Wednesday, April 11, 2012

GOP Reform, Medicare Political Fallout (Bush II), Tea Party Visions

Ask Republicans About Healthcare Reform

"As we await the verdict of nine Supreme Court Justices on the constitutionality of all or part of the Affordable Care Act (ACA), it is worth asking what the remaining Republican Presidential nominees would create in its place."

"We know that Mitt Romney would 'direct the Secretary of Health and Human Services and all relevant officials to return the maximum possible authority to the states to innovate and design health care solutions that work best for them.'  We know that he has changed his position from 'pro-choice' to 'pro-life,' and that he now supports the Blunt proposal allowing employers and insurers to limit coverage of contraceptives if they have religious/moral objections to that provision.  We also know he is proposing to return Medicaid spending entirely to the states, that he would raise the Medicare eligibility age by one month per year during his presidency, and that he would offer Medicare recipients (by 2022) a choice between 'the traditional, fee-for-service government health-care program and a new option to purchase private insurance, with the cost partly supported by the government.'  Since so many of those proposals also appear in the 2012 Ryan budget passed by the House in March, we also know that Romney has declared that budget 'a bold and exciting effort, very much consistent with what I put out earlier.'"

Still Feeling the Effects

"Now we have a yawning federal deficit that continues to grow past $15 Trillion.  Bush Treasury Secretary Paul O'Neill, who was fired by VP Cheney for advocating that the four Clinton years of budget surpluses be used to put social security and Medicare on a more secure footing, described the result of the debate that led to such a disastrous decision in The Price of Loyalty.  It was to return government to its 1900 size, the era of William McKinley and the Robber Barons, by reducing government spending enough 'to shrink it down to the size where we can drown it in the bathtub', Grover Norquist, architect of the no tax increase pledge signed by more than 200 Republican legislators, once famously said."

Which America?

"Americans have long debated two fundamentally different visions of what kind of country the U.S. should be.  The first is the vision of a society that provides unrestricted liberty to acquire wealth.  The second is the vision of a realized democracy in which rights over society's major institutions are established."

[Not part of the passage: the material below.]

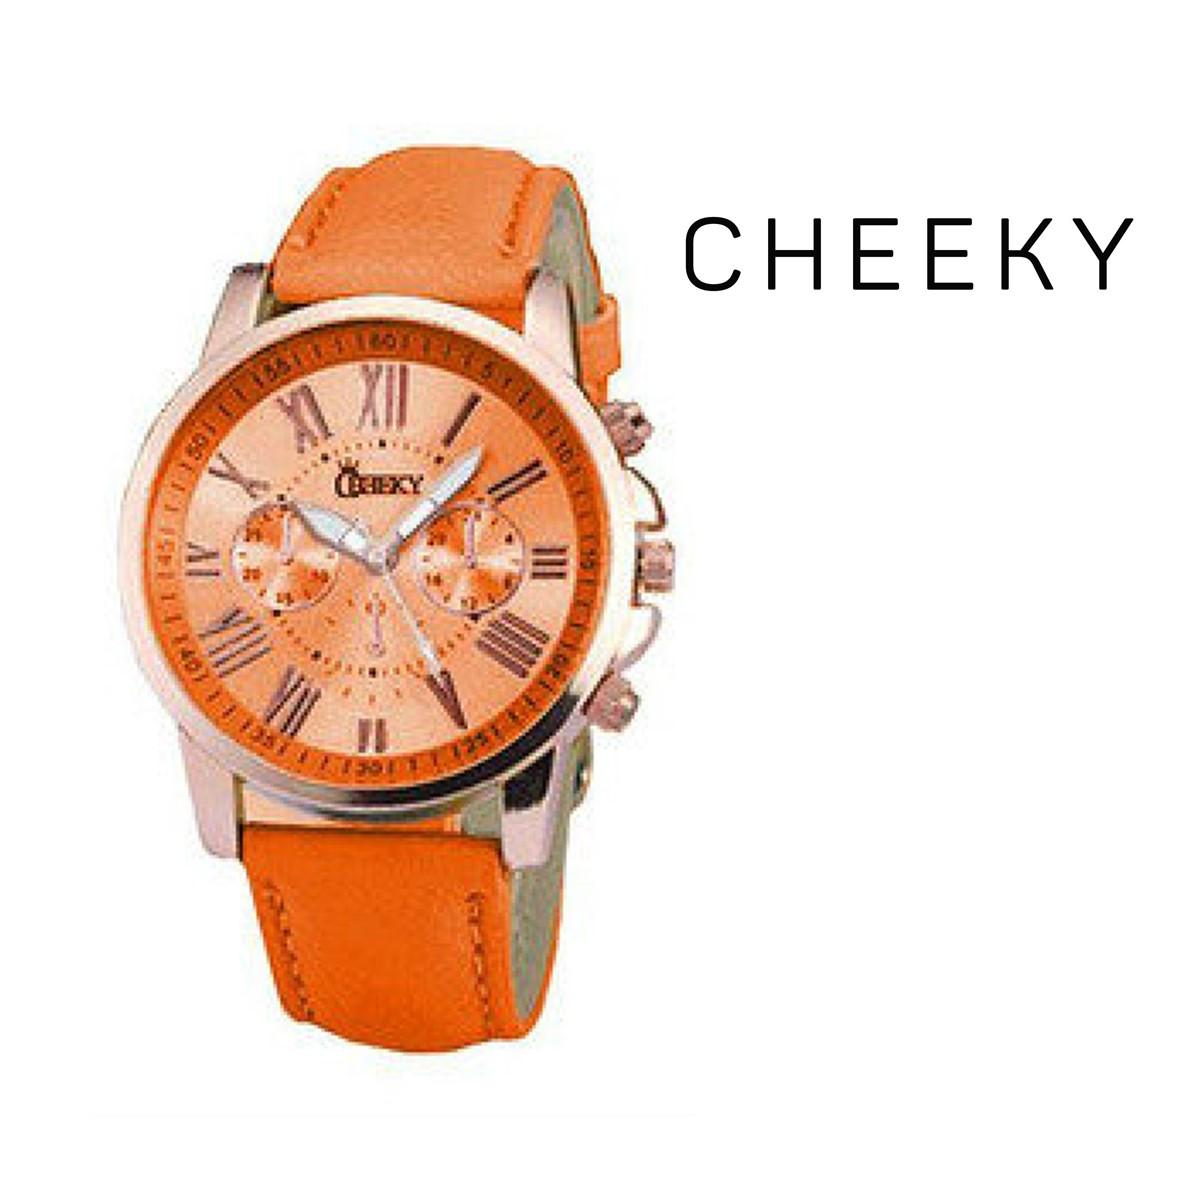 2cd9fdadf Reloj Cheeky Orange | Movimiento Seiko - You Like It

"The Tea Party is overwhelmingly white, middle-class, and either middle-aged or elderly.  It thrives on a deeply felt dichotomy between the deserving and the undeserving.  At the grassroots level, much of the Tea Party is not hostile to Social Security or Medicare, unlike the professional ideologues that are exploiting it.  Tea Party Republicans are quite certain that they deserve their own Social Security and Medicare.  But they are outraged that undeserving people get taxpayer-funded benefits from the government.  In the Tea Party version of the American dream, there is no such thing as the common good.  There is only the sum of individual goods, which many people do not deserve."